They have indeed corrected it since yesterday, maybe they're reading this thread ;)

Nevertheless, you are assuming Gamingbolts 1.3ms CPU timing is coming from that typo and I see no reason to assume that. Even before the correction the correct PC CPU+GPU time of 1.4ms was stated further up the page and that was reflected in Gamingbolts broken down figure of 1.4ms for CPU and 1.3ms for GPU - i.e. 1.4ms total.

But more importantly, Gamingbolt specifically say they have been in touch with the developer who has provided them with the additional information.

But that 1.6 ms number is a typo from gamingbolt alongside other WRONG stuff they wrote on their Update (Consoles/PC CPU times are WRONG, too). Actually after second update (today) on Bink 2 official page there is no more reason for us to speak about gamingbolt's Original Story/Update.

If you still have any doubt about what I said it's better for you to ask Bink 2 developers directly.

I've no idea why you would assume this. 1.6ms isn't mentioned anywhere on the original site. So your assumption is that Gamingbolt have provided 2 new numbers but that both of them are typo's despite the fact that they specifically say those numbers came from the developers and explain what they mean. It's not impossible but it seems highly unlikely and far less plausible than the more obvious and much simpler explanation.

Let's examine the evidence.

1. Gamingbolt make the following statement with regards to the new numbers: "The developer also told us that Bink on GPU uses both the CPU and the GPU. The developer shared the following numbers with us"
2. They also tell us this, again in relation to the new numbers: "time is still limited by the CPU and GPU on both the Xbox One and PS4, resulting into an effective speed of 2.3 ms on both consoles"
3. So they have confirmed the 2.3ms total CPU+GPU time of both consoles just like the original site says, but they also confirm that that number is broken up into two components, a - CPU time and b - GPU time, with the longest of these equating to the total CPU+GPU time.
4. They then proceed to quite clearly break down the CPU+GPU times for each system providing us with information that was never supplied on the original site which only told us the total CPU+GPU time, not the separate component times.
5. The GPU time difference between the PS4 and XB1 that Gamingbolt provides, as provided to them by the developers is very close to the overall shader throughput difference between the two consoles - adding further validity to the accuracy of those numbers rather than them being, as you say, coincidental typo's.

What more do you need?
 
I guess you don't recall the 14+4 debates?

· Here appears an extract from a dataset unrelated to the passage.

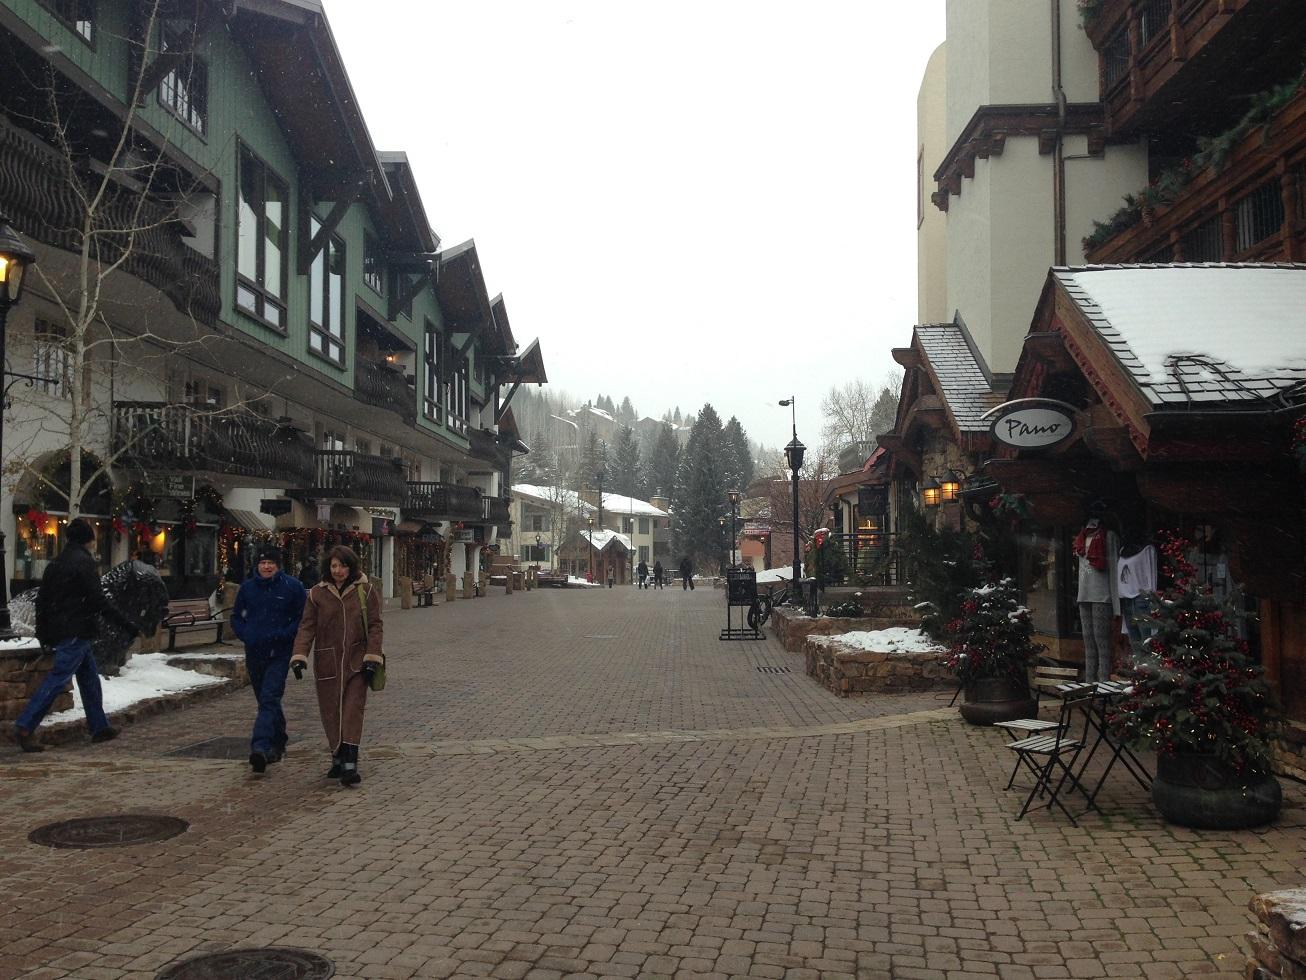 Vail滑雪场 (13).JPG

To some more CUs does not mean much more performance, even MS implied as much. But yes, more CUs means a faster GPU, I'm glad everyone can finally agree on something so basic.

But since they are both limited to the same performance (2.3ms) for whatever reason, doesn't this cement MS' implication that more CUs != more framerate? In this case all the extra CUs on Ps4 gpu didn't offset the other bottleneck and performance is still the same...
 
But since they are both limited to the same performance (2.3ms) for whatever reason, doesn't this cement MS' implication that more CUs != more framerate?
For Bink, at any rate.
Not every workload is going to have a convenient timing floor from the CPU that just happens to meet the exact time of the GPU.
The analysis is more complicated and workload-specific, and while it is true more parallel units runs into Amdahl's Law, the counterpoint is that the workloads the CUs target tend to be the ones that suffer less from it.
 
But since they are both limited to the same performance (2.3ms) for whatever reason, doesn't this cement MS' implication that more CUs != more framerate? In this case all the extra CUs on Ps4 gpu didn't offset the other bottleneck and performance is still the same...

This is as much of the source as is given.